Developing Efficient Algorithms for Data Mining Large Scale High Dimensional Data
- Author(s): Zakaria, Jesin
- Advisor(s): Keogh, Eamonn
- et al.
Data mining and knowledge discovery has attracted a great deal of attention in information technology in recent years. The rapid progress of computer hardware technology in the past three decades provides a great enhancement to the database and information industry. The size and complexity of real world data is dramatically increasing with the growth of hardware technology. Although new efficient algorithms to deal with such data are constantly being proposed, the mining of large scale high dimensional data still presents a lot of challenges. In this dissertation, several novel algorithms are proposed to handle such challenges. These algorithms are applied to domains as diverse as electrocardiography (ECG), stock market data, geospatial data, power supply data, audio data, image data, etc. This dissertation contributes to the data mining community in the following three ways:
Firstly, we propose a novel algorithm for clustering time series data efficiently in the presence of noise or extraneous data. Most existing methods for time series clustering rely on distances calculated from the entire raw data. As a consequence, most work on time series clustering only considers the clustering of individual time series "behaviors," e.g., individual heart beats and contrives the time series in some way to make them all equal in length. However, for any real world problem, formatting the data in such a way is often a harder task than the clustering itself.
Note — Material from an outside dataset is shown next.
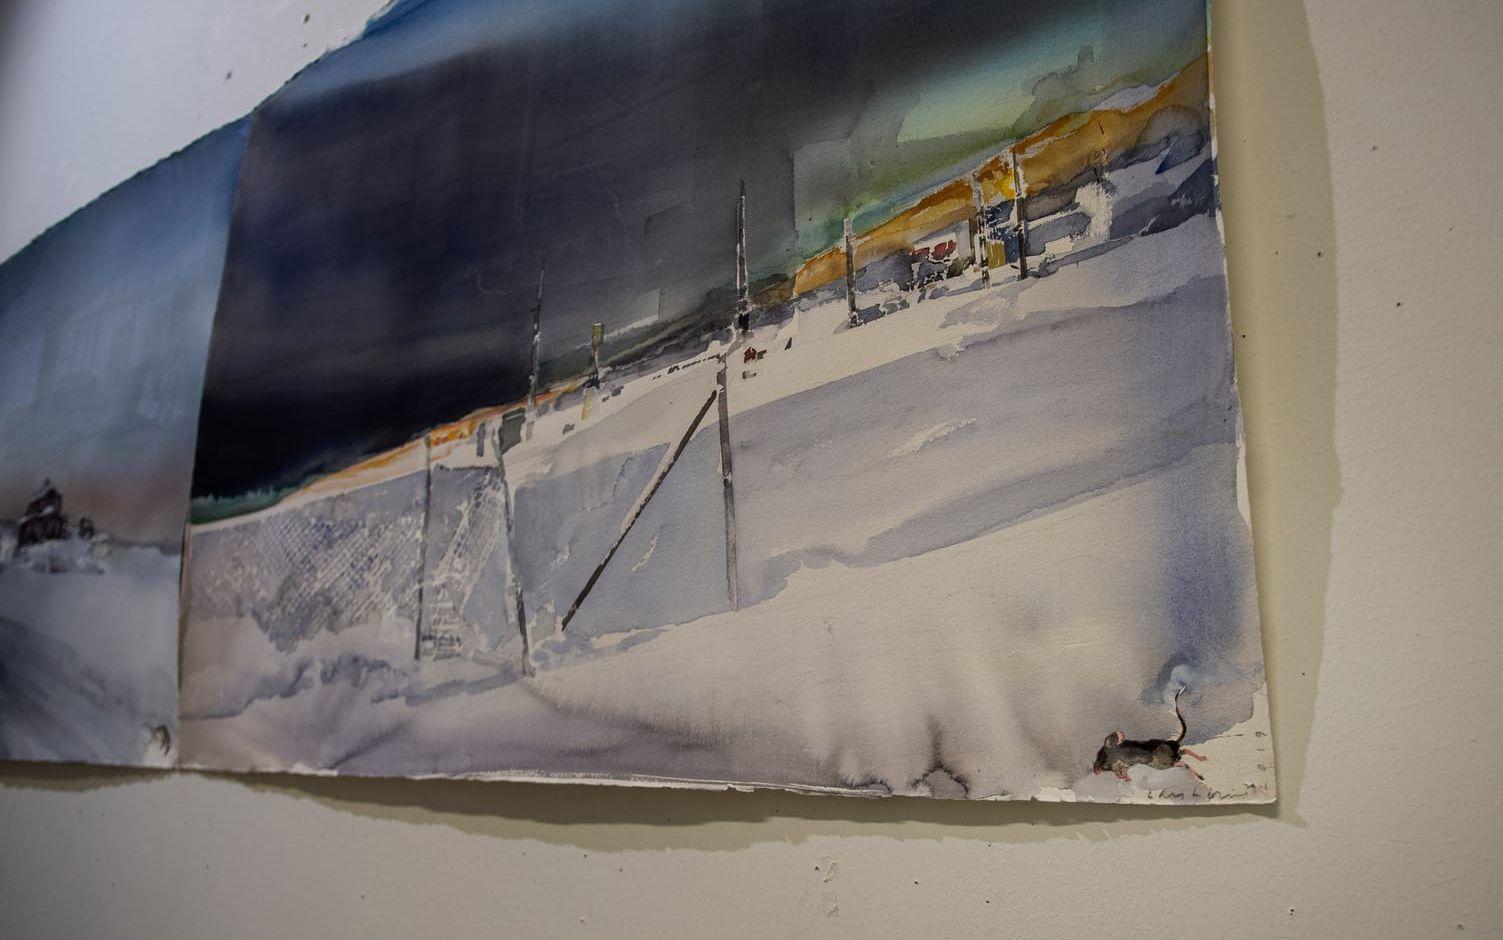 Akvarellmålningar från Lofoten. I Sandgrunds gamla kök med rejäla betongväggar hänger en serie av verk från Lofoten där han bodde i tolv år. Här har han fångat känslan och ljuset med motiv på landskap, hus och hav på ett makalöst sätt.

In order to remove these unrealistic assumptions, we have developed a new primitive called unsupervised shapelet or u-shapelet and shown its utility for clustering time series.
Secondly, in order to speed up the discovery of u-shapelet and make it scalable we have proposed two optimization techniques which can speed up the unsupervised shapelet discovery independently of each other. Moreover, if we combine the two optimization procedures, it results in a super linear speedup. In addition to the above, we can also cast our u-shapelet discovery algorithm as an anytime algorithm.
In my final contribution, we have developed a novel and robust algorithm for mining mice vocalizations with symbolized representation. Our algorithm processes large scale, high dimensional, noisy mice vocalization by dimensionality reduction and cardinality reduction and make it suitable for knowledge discovery like classification, clustering, similarity search, motif discovery, contrast set mining etc.